ちなみに設定し直す際に知ったのですが、Route53ではレコードセットのエイリアスに同じホストゾーンの別のレコードセットを指定できます。 ですので今回の場合、

×××.fanship.jp → dualstack.xxx.elb.amazonaws.com.

△△△.fanship.jp → dualstack.xxx.elb.amazonaws.com.

となっていたものを

×××.fanship.jp → dualstack.xxx.elb.amazonaws.com.

△△△.fanship.jp → ×××.fanship.jp

上記のように設定し直しました。

結果と課題

運用コストとサーバ費用を下げるという話でしたが、では結果どのように変わったかという話です。

まず運用コストに関して、既存構成で一番課題だったアプリケーションのデプロイは以下のように変わりました。

  • リプレイス前(※確認作業は除く)

    • デプロイ時間: 1h10min (CI/CDの実行に約1h + インスタンスの入れ替え作業約10min)
    • デプロイ作業: pipelineの実行。完了後、踏み台サーバにsshし、16個のシェルをコピペで実行する
  • リプレイス前(※確認作業は除く)

    • デプロイ時間: 30min
    • デプロイ作業: pipelineの実行。pipelineの中で4回ボタンを押す

これだけ見ると当初の課題はだいぶ解決したように見えます。 ただAutoScalingGroupやCloudFormationなど今までは使っていなかったAWSのリソースを多用しているので、その分それらを触る時の学習コストは高くなりました。

サーバー費用に関しては以下のようになりました。

費用/年
リプレイス前 8,064USD t2.large(1年分のRI=1台672USD)×12台
リプレイス後 9,688USD オンデマンドt2.large(1,065USD)×7台 + スポットt2.large(319USD)×7台 ※RIではない

これだけ見るとむしろ上がっています。ただこれはECS化当初の構成のまま1年運用したケースになります。ECSでの運用が安定してきたタイミングで、タスクを調節することでインスタンス数を減らしたり、スポットインスタンスの割合を増やしたり、逆にオンデマンド側を決め打ちしてRI(あるいはSaving Plan)に切り替えればリプレイス前以上に削減することは難しくないと思います。

ちなみにリプレイス前もリプレイス後も実績値ではなく、あくまで目安なのでご了承ください。

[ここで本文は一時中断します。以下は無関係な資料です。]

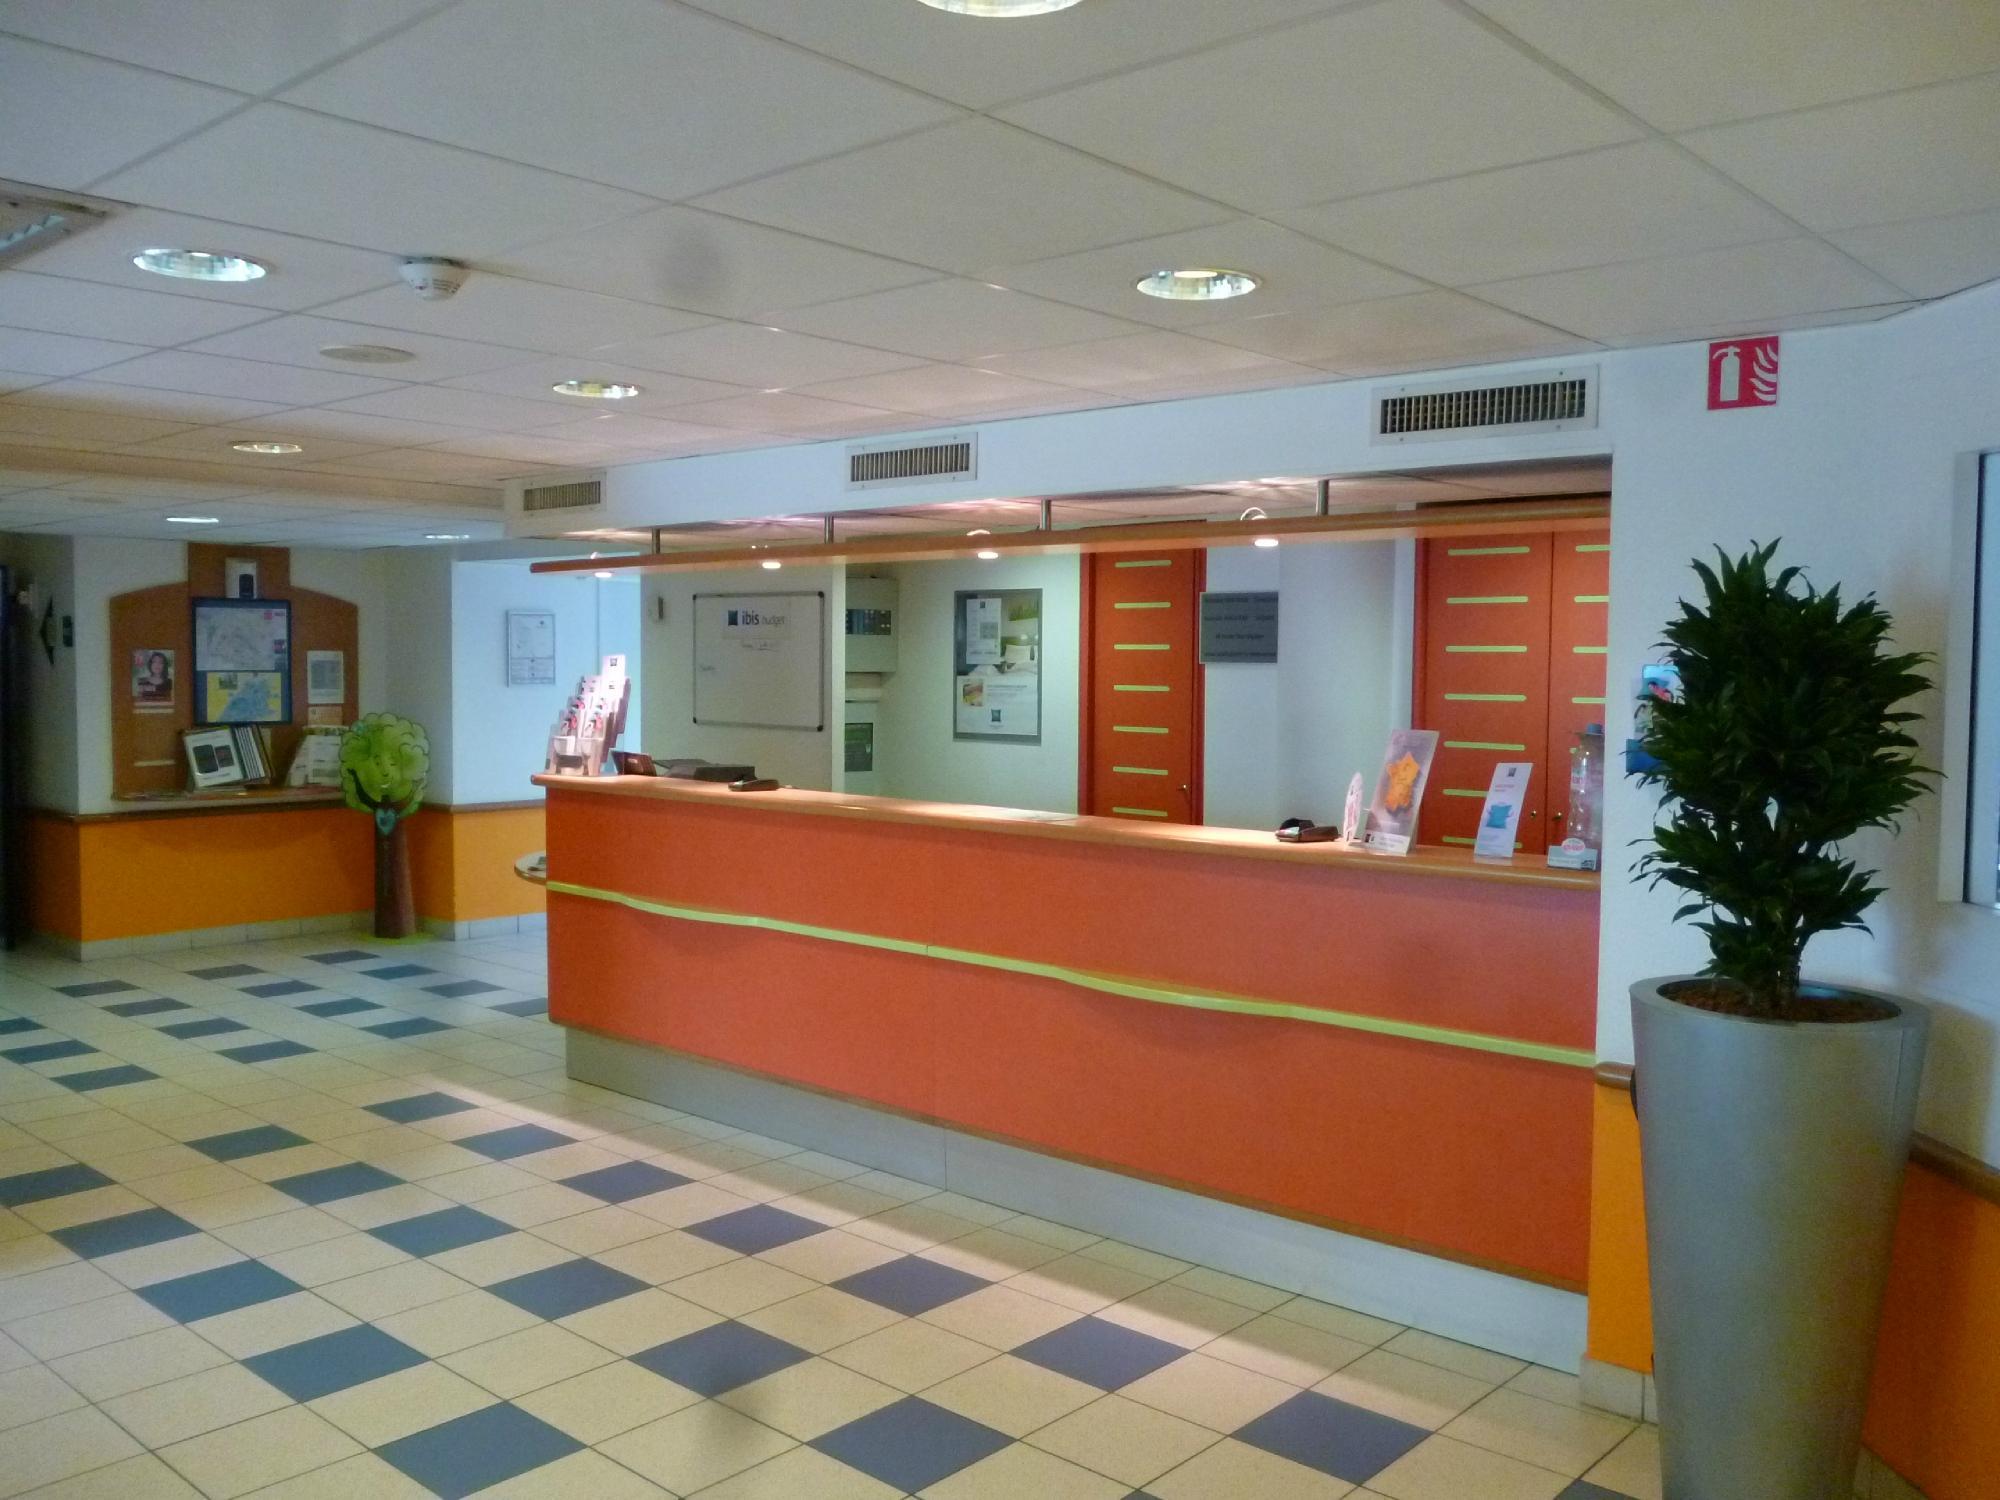 ibis budget porte d italie ouest hotel reviews prices photos kremlin bicetre

何れにせよ、コンポーネント一つをリプレイスしたインパクトは実はそれほど大きくはなくて、これを横展開していくことでコストや運用面での効果を実感できるようになります。

運用系の仕事はクリティカルな問題がやはりどうしても優先になってしまうので、今回みたいな運用の効率化系タスクはなかなか後回しにされてしまいがちです。自社システムのECS化も続けていかないと負債になりかねないので、ここで頓挫させないようにしたい所存です。